What part of the trainee program did you like most?

The best part of the Sirma Trainee Lab is that as soon as you join the program, you start working on real live projects. From the first week, I saw what a real project looks like. I have started on a project which has been running for 2+ years. It was pretty big and challenging at the beginning. I had difficulties navigating the code. But with a lot of debugging and patience, my awareness of the project got better and better with every single day. That was great from a technical perspective, but I would never know what I know now without the team. Every time I had some difficulties, they were there ready to help. So, I am really grateful for the colleagues who I am working with.

What obstacles you had?

I had a lot of obstacles. While studying, the biggest project that I had seen was about 10 – 15 classes. And the size of the real project was dizzying, plus everything about the project was completely new to me. I had to find a lot of things on my own. Of course, colleges are there, but sometimes the best way to learn something is on your own. That also helps to come up with more meaningful questions for the colleagues. Besides, first I had to fill the gaps in my knowledge. I had to learn the Spring framework (Actually, that is what I did my 1st month) and Jooq, which is a tool similar to Hibernate but better. I had to understand what an API is, how it is connected with the front end, what Docker is and how it helps, and many many other little things.
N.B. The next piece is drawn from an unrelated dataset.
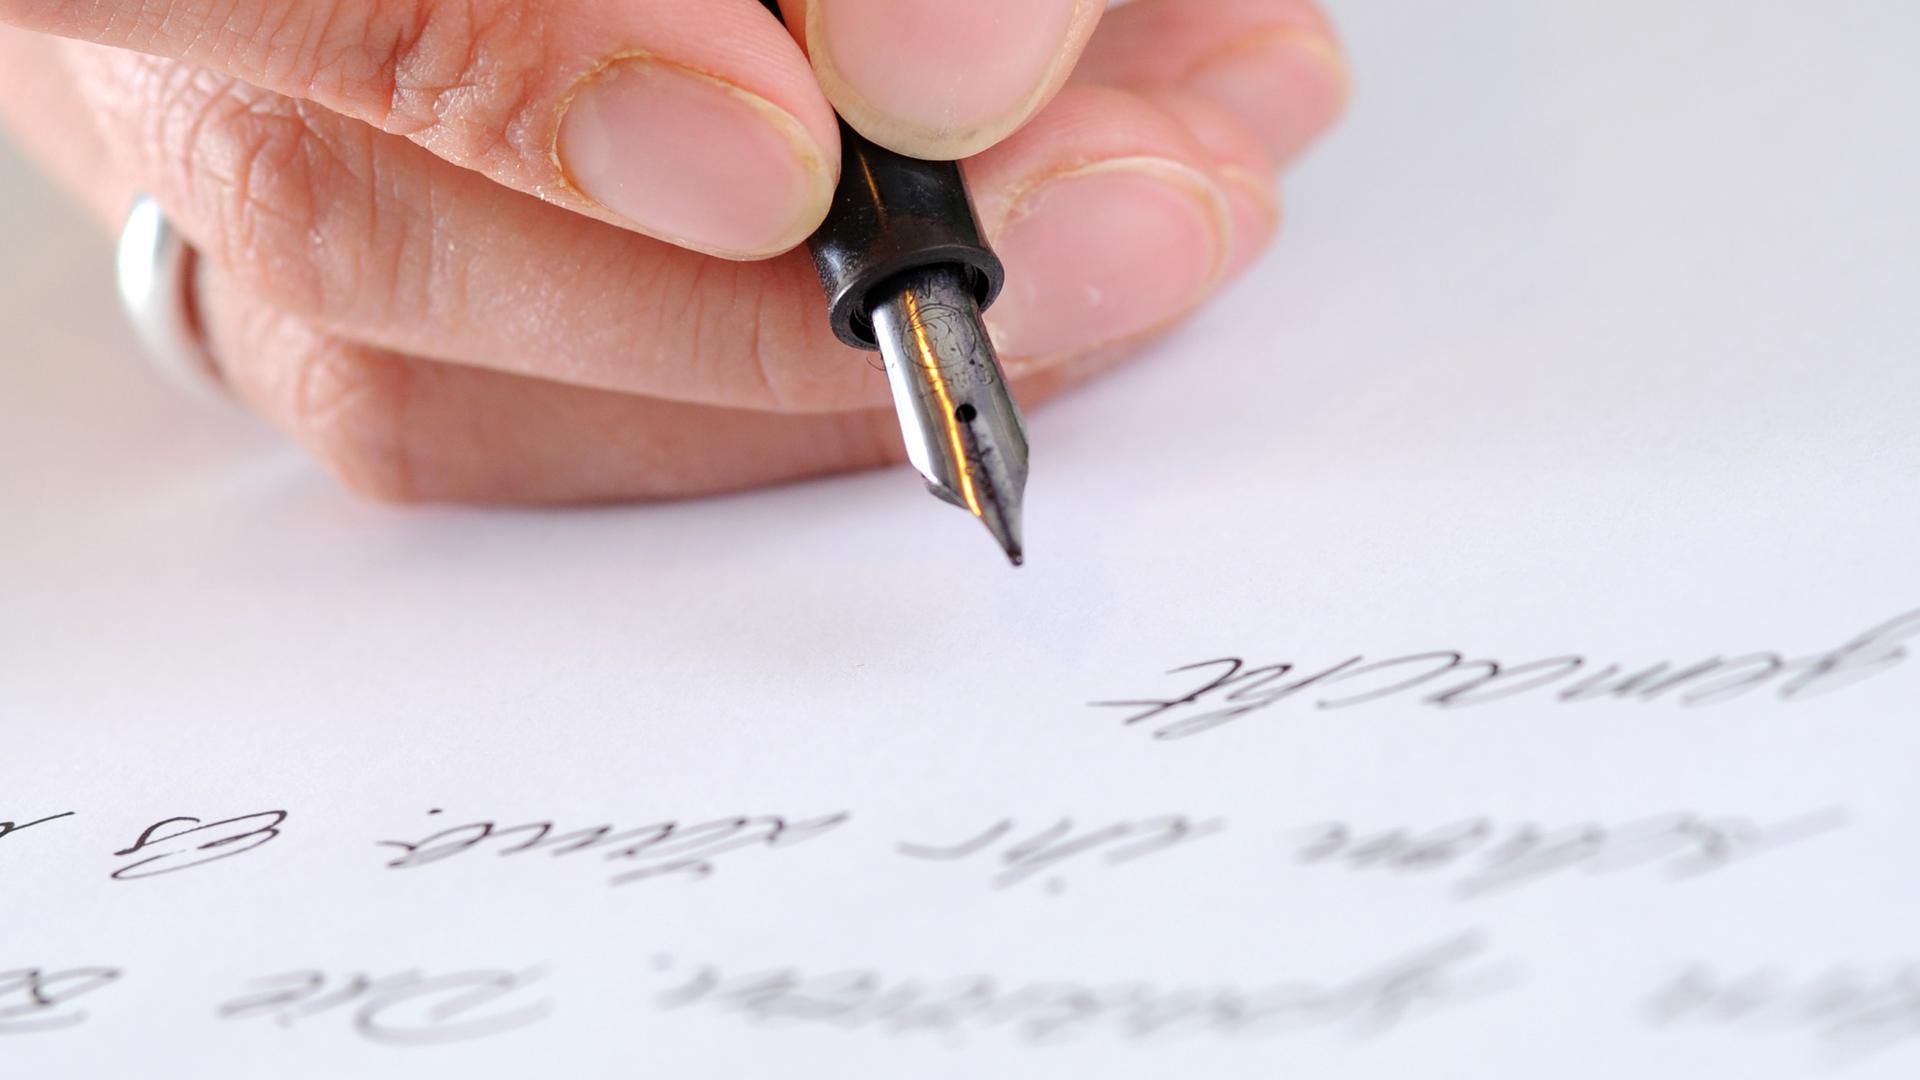 In persönlichen Briefen wenden sich BNN-Redakteure an ihre Eltern, die sie wegen des Coronavirus momentan nicht besuchen können.

What were your goals when you started and did you achieve them?

My goal was to understand what the project was about as fast as I could. I had goals for every task. I wanted to learn how to solve real problems faster. For me, the key point was writing about the problem on a notepad. That way I organize my thoughts, which helps me to figure out in which direction is worth digging deeper. That way I manage to separate one huge task into smaller ones. In other words, making a step-by-step strategy to solve the task. When it is clear what should be done then it is much easier to write it up as code. It is hard to measure how fast I entered the project. But according to the feedback from my colleagues, I’m doing very well. So, I achieved some goals, others I didn’t but that is part of the game. I think if we achieve all of our goals in a short period probably we haven’t set big enough goals.

What tips would you give to any newbie who will join the program?
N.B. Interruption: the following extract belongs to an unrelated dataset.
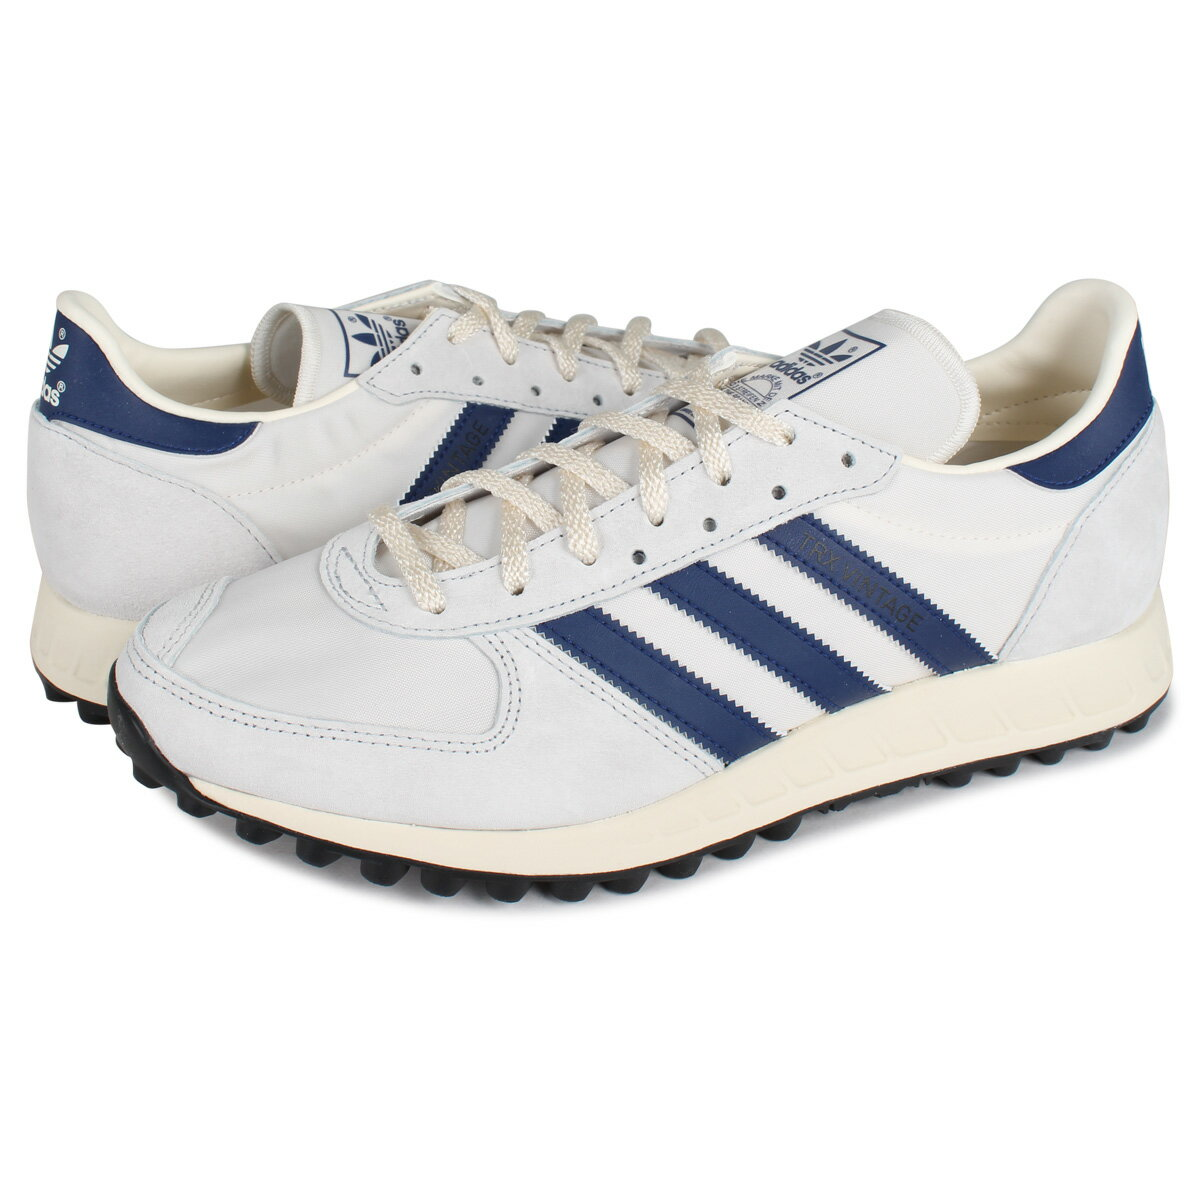 メンズ靴, スニーカー adidas Originals TRX VINTAGE TRX FY3650

1) To set and chase goals. The fact you have a job is awesome. But here is a place where challenges and growth begin. Finding a good job is not a final destination. It is just a step.

2) To ask questions until everything is clear. In the beginning, it may be strange, especially for people who are not accustomed to it. But asking questions and carefully listening to the response is one of the fastest ways to get better. What would you prefer to look stupid for 2 minutes or not to know something?

3) To be patient. It is a cliché, but in my opinion, it is the most important thing, especially for young people. It saves a lot of time in the long run. I don’t mean just to wait for something to happen by themselves. Be prepared, come up with a plan, take action, and don’t expect some magical things to happen. It requires a lot of effort to be a true master in something. So, take your time.